Of the 35 trials not meeting our feasibility condition, 21 failed to reach 85% of planned patient enrollment (Supplementary file 3). Of the nine trials not meeting our reporting condition, six were not subject to FDAAA 801 (U.S. Public Law, 2007a) results reporting requirements (Supplementary file 4). Although we cannot be certain why a trial was not incorporated into a clinical synthesizing document, possible reasons are illustrated by the following examples. For one trial (NCT01104155 – phase 2 study in non-small cell lung cancer investigating the combination of eribulin mesylate in combination with intermittent erlotinib), increased understanding of the importance of biomarker status in treatment response from trial initiation to completion rendered the results for a non-selected population less clinically relevant (Supplementary file 5; Mok et al., 2014). In another case, trial NCT00918138 investigated the addition of saxagliptin to extended-release metformin in adult patients with type 2 diabetes (Neutel et al., 2013). Its primary outcome, change from baseline in 24-hr mean weighted glucose at week 4, did not meet the eligibility criteria for inclusion in a high-quality systematic review (SR) investigating the same topic (Men et al., 2018). In a third case, trial NCT00954707 (a phase 4 trial investigating duration of dual anti-platelet therapy in 2509 individuals undergoing placement of a Cypher cardiac drug eluting stent) sponsors submitted results to ClinicalTrials.gov but never published them.
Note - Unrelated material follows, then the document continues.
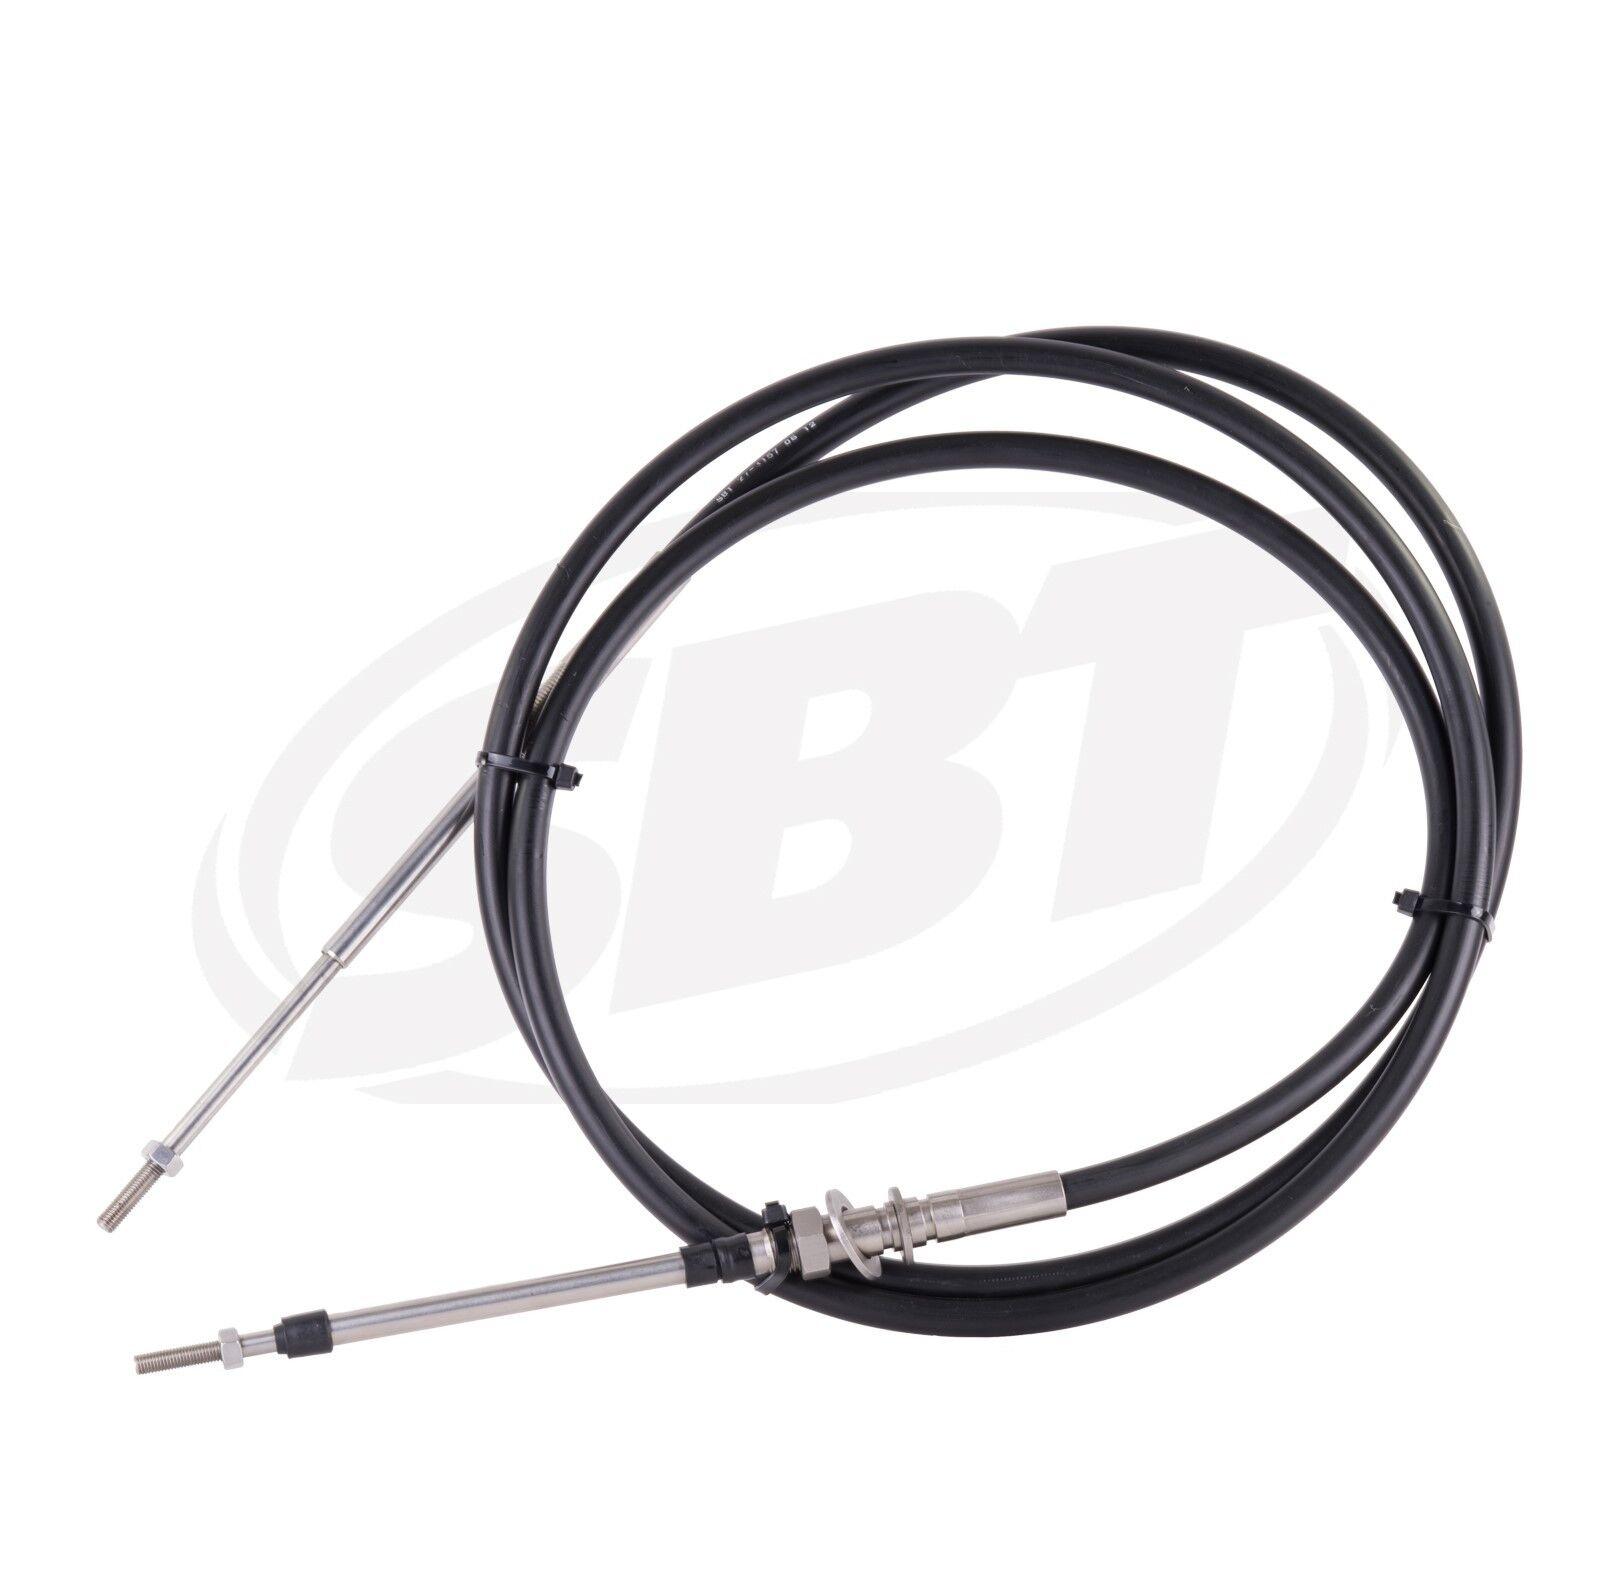 Seadoo Steering Cable 1995 1996 1997 Sportster/1999

This may have hampered inclusion in a clinical synthesizing document. Out of the 18 trials, 8 trials not meeting the importance condition had no published primary outcome results. Finally, the most common reasons for a high risk of bias (ROB) score in the 30 trials not meeting our design condition were lack of blinding of participants and personnel, and lack of blinding of outcome assessment and selective reporting (Supplementary file 6).

Studies sponsored by industry were significantly more likely to fulfill all four conditions of informativeness than those not sponsored by industry (50.0 vs. 6.0%, p-value <0.001) (Table 2; Figure 2—figure supplement 1). Using the two-sided Fisher’s exact test, there was a non-random association between trial phase and informativeness, and type of intervention and informativeness (Table 2).
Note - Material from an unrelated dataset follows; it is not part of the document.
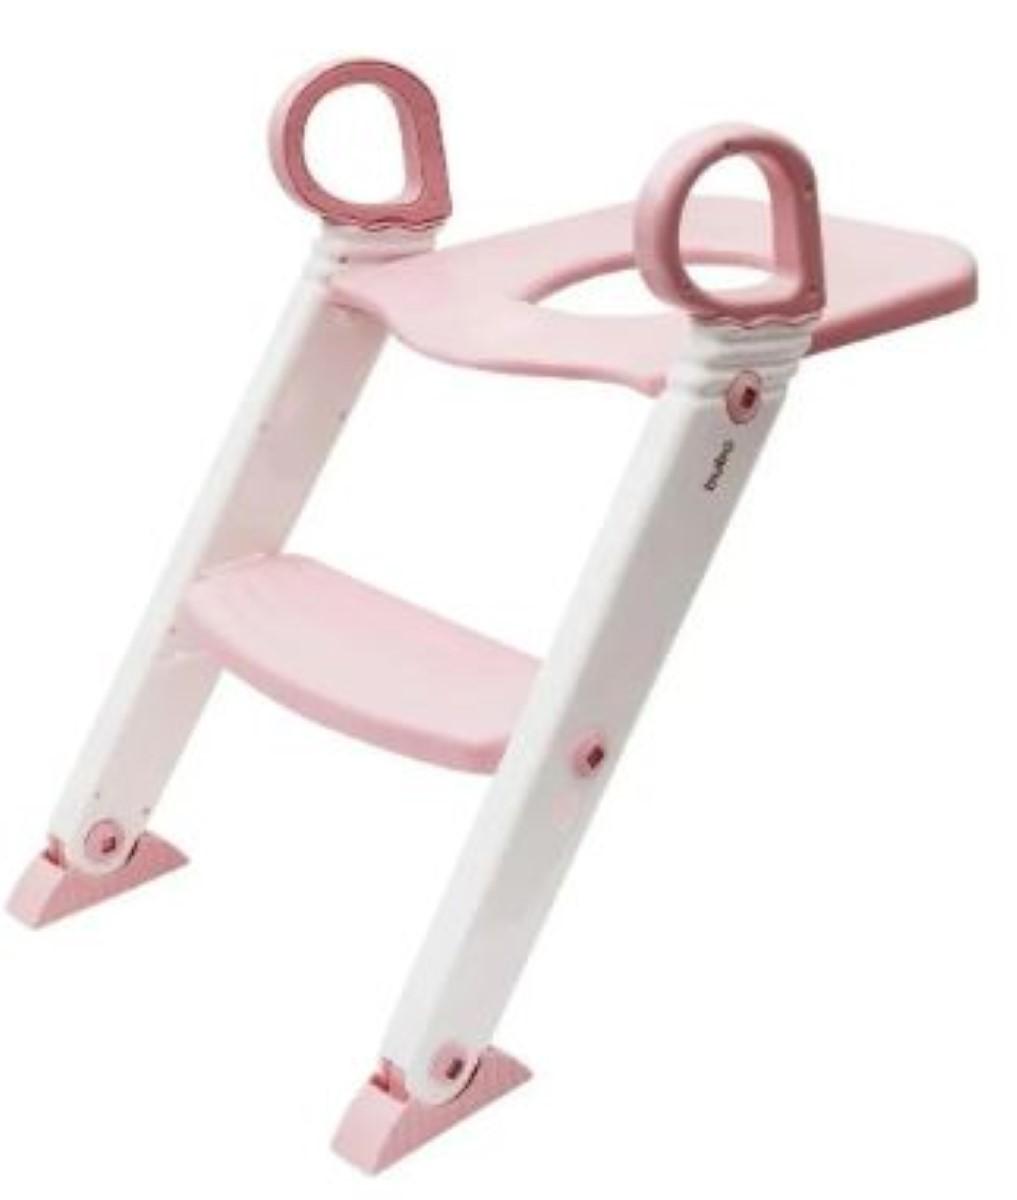 Redutor De Assento Com Escada Rosa Buba Crianca Vaso Sanitário Fixador Articulavel Altura Ajustavel Pe Antiderrapante.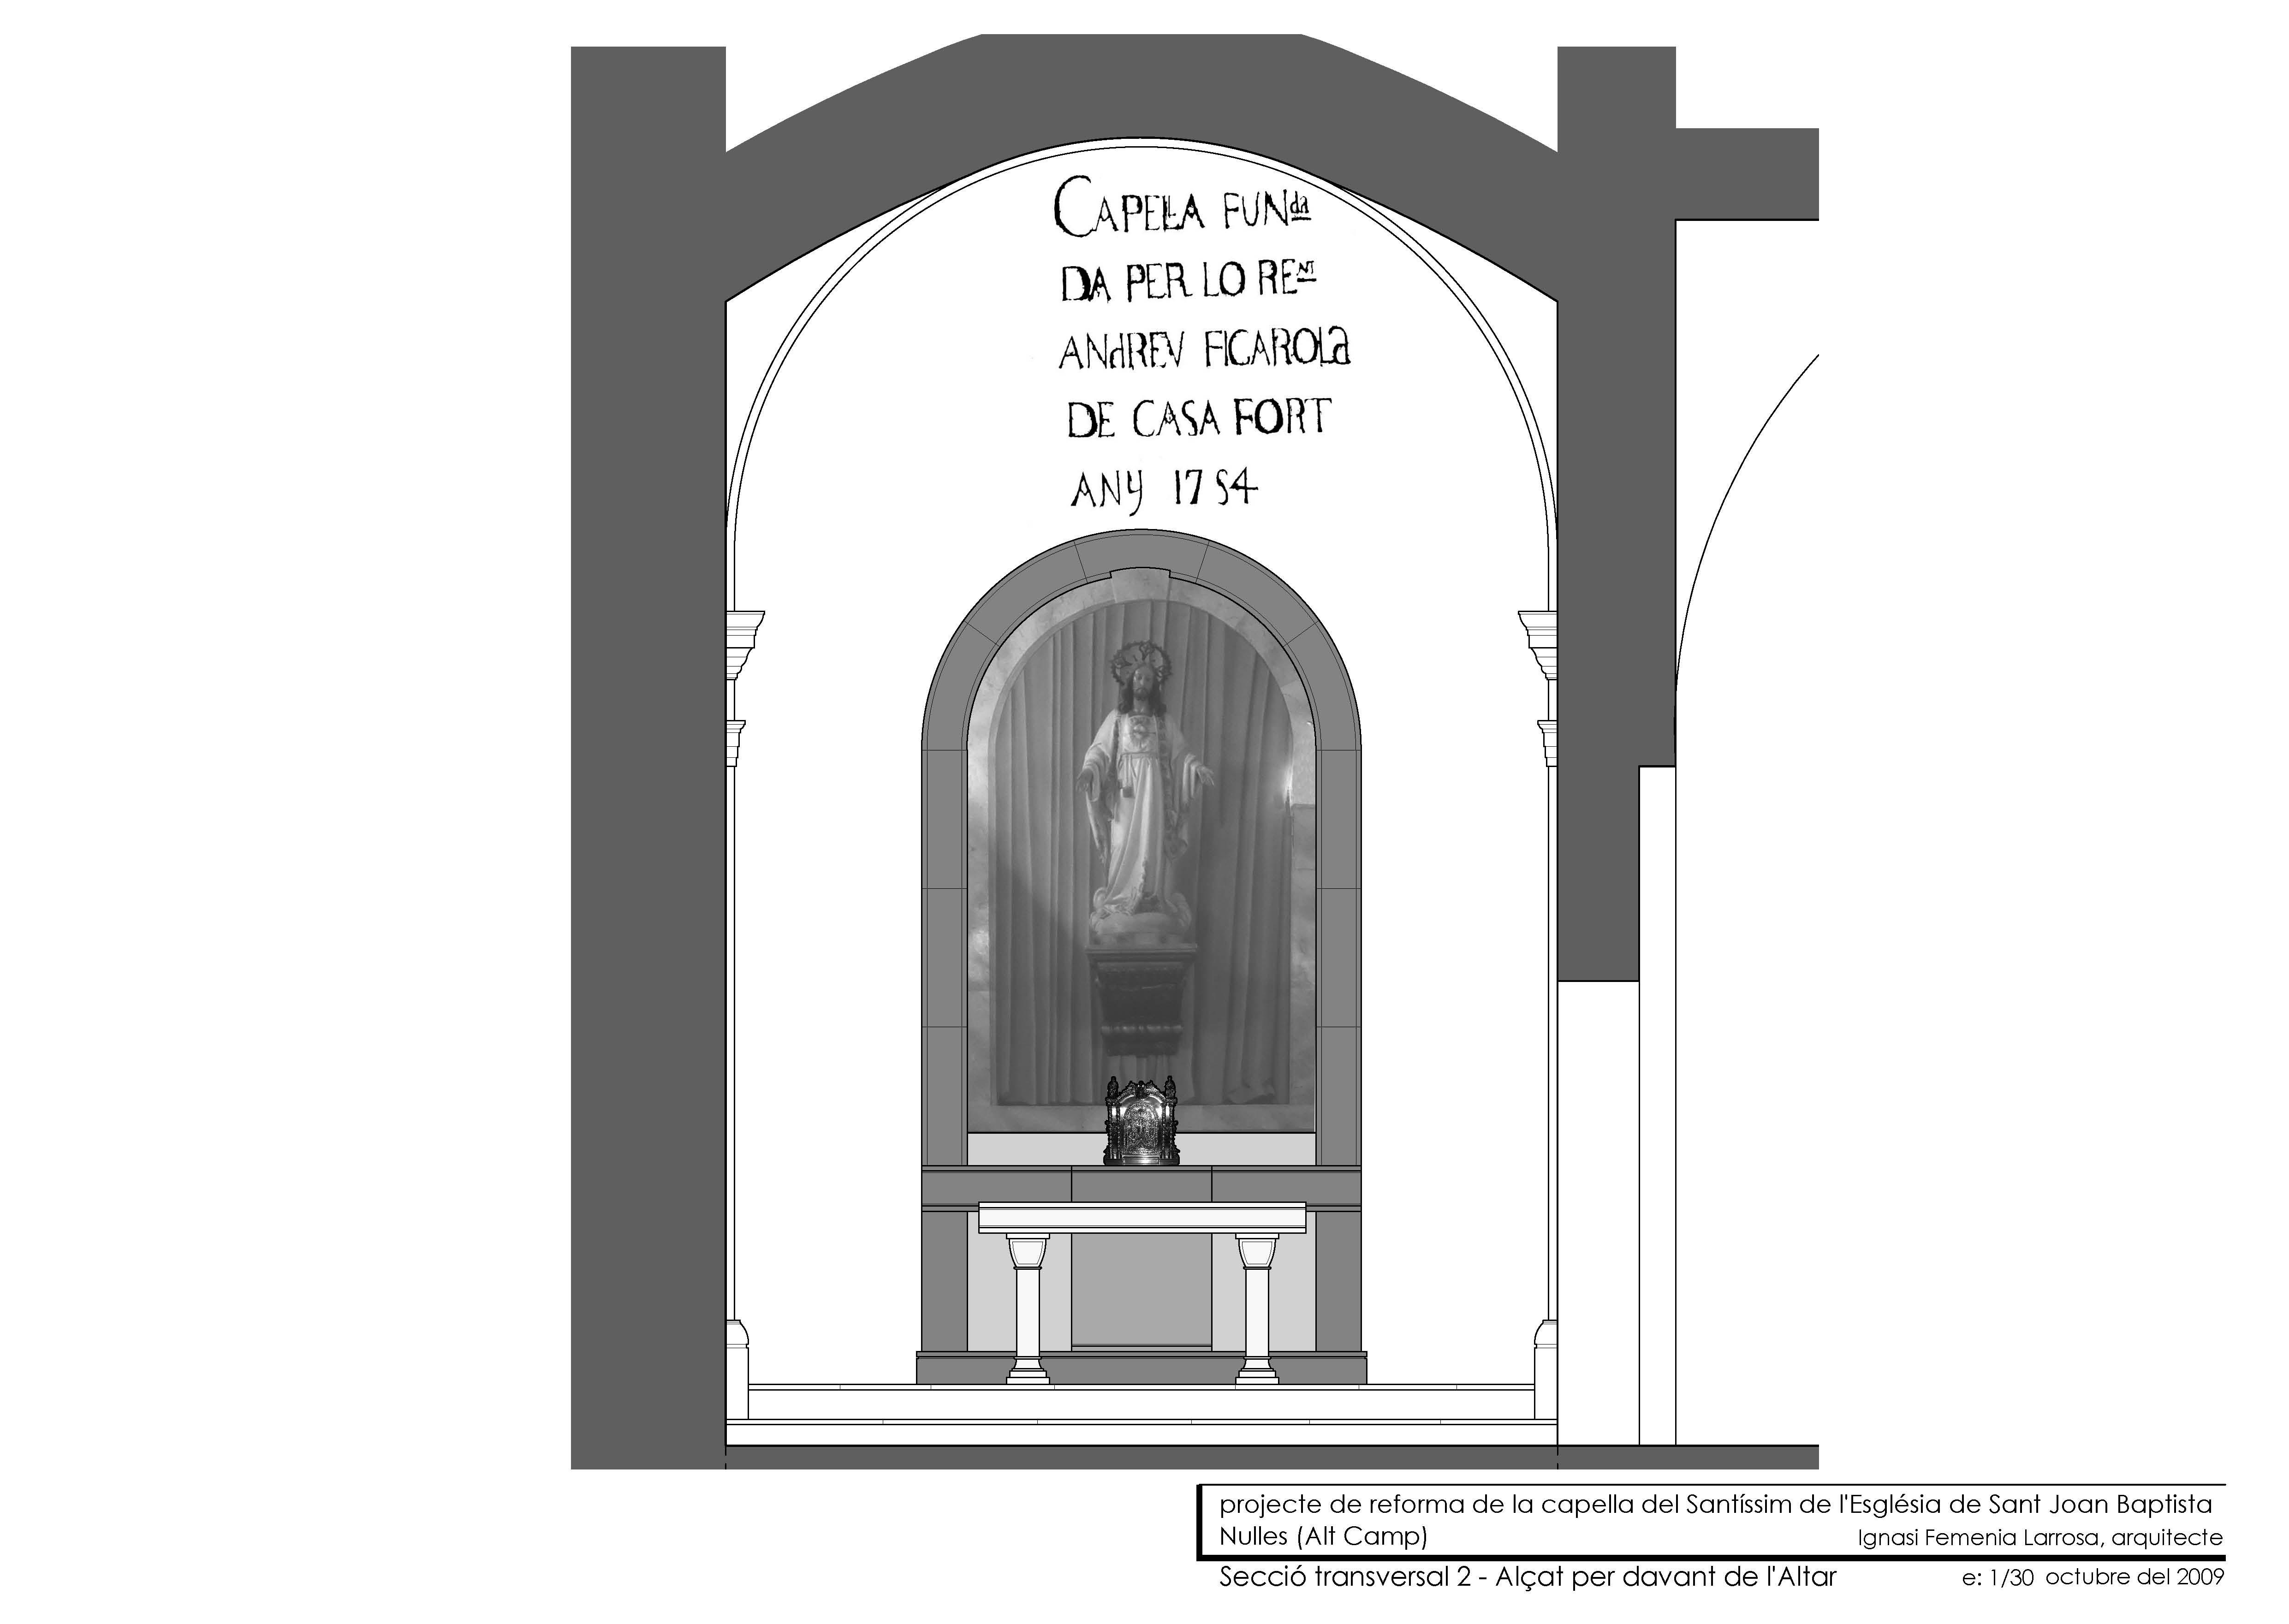 Secció transversal. Alçat altar.

This study provides the first assessment of the proportion of randomized trials fulfilling four key conditions of informativeness. In our analysis, just over one-fourth of trials demonstrated adequacy for study feasibility, reporting, importance, and design. The remaining 73.6% contained a limitation in design, conduct, or reporting that compromised their ability to inform clinical decision-making.

Certain shortcomings of clinical trials are a result of experimenting in a dynamic real-world environment and cannot be entirely avoided. Clinical trials are difficult to plan, and there may be defensible reasons for falling short of some conditions. For example, changes in medical practice may render a research question irrelevant to clinical practice; an emerging pandemic might lead to under-recruitment. However, our findings underscore the major challenges sponsors and clinical investigators confront in fulfilling the scientific and ethical warrant for enrolling patient-participants in randomized trials. The goal should be to address foreseeable limitations in trial design, conduct, or reporting. For example, increased oversight by research funders, including requirements for landscape analysis of completed and ongoing clinical trials to ensure trials are addressing important questions, and the provision of independent scientific review to highlight vulnerabilities in trial design (Bierer et al., 2018), are measures that can be implemented to increase the likelihood that trials will be informative. Many methodological weaknesses in trial design can be corrected at minor cost (Yordanov et al., 2015).

The proportion of informative trials did not differ significantly between ischemic heart disease, diabetes mellitus, and lung cancer, indicating shared challenges in design, implementation, and reporting. Our study also demonstrated that each condition of informativeness goes unfulfilled in roughly equal proportions (Supplementary file 2), suggesting that vigilance is required throughout the life cycle of a trial. Our estimates for the fraction of studies fulfilling criteria for recruitment feasibility are in line with prior studies (Carlisle et al., 2015; Cheng et al., 2011; Korn et al., 2010; Walters et al., 2017). The fraction of trials at low ROB is similar to prior estimates (Yordanov et al., 2015; Ndounga Diakou et al., 2017; Vale et al., 2013). Our estimate for the fraction of studies fulfilling reporting requirements (90.0%) is in line with prior studies that evaluated both ClinicalTrials.gov results deposition and publication (Chen et al., 2016; Phillips et al., 2017), both of which were deemed acceptable means of results reporting in our study. To our knowledge, our study is the first to apply these conditions jointly to a sample of trials, in addition to assessing importance via citation in clinical synthesizing documents.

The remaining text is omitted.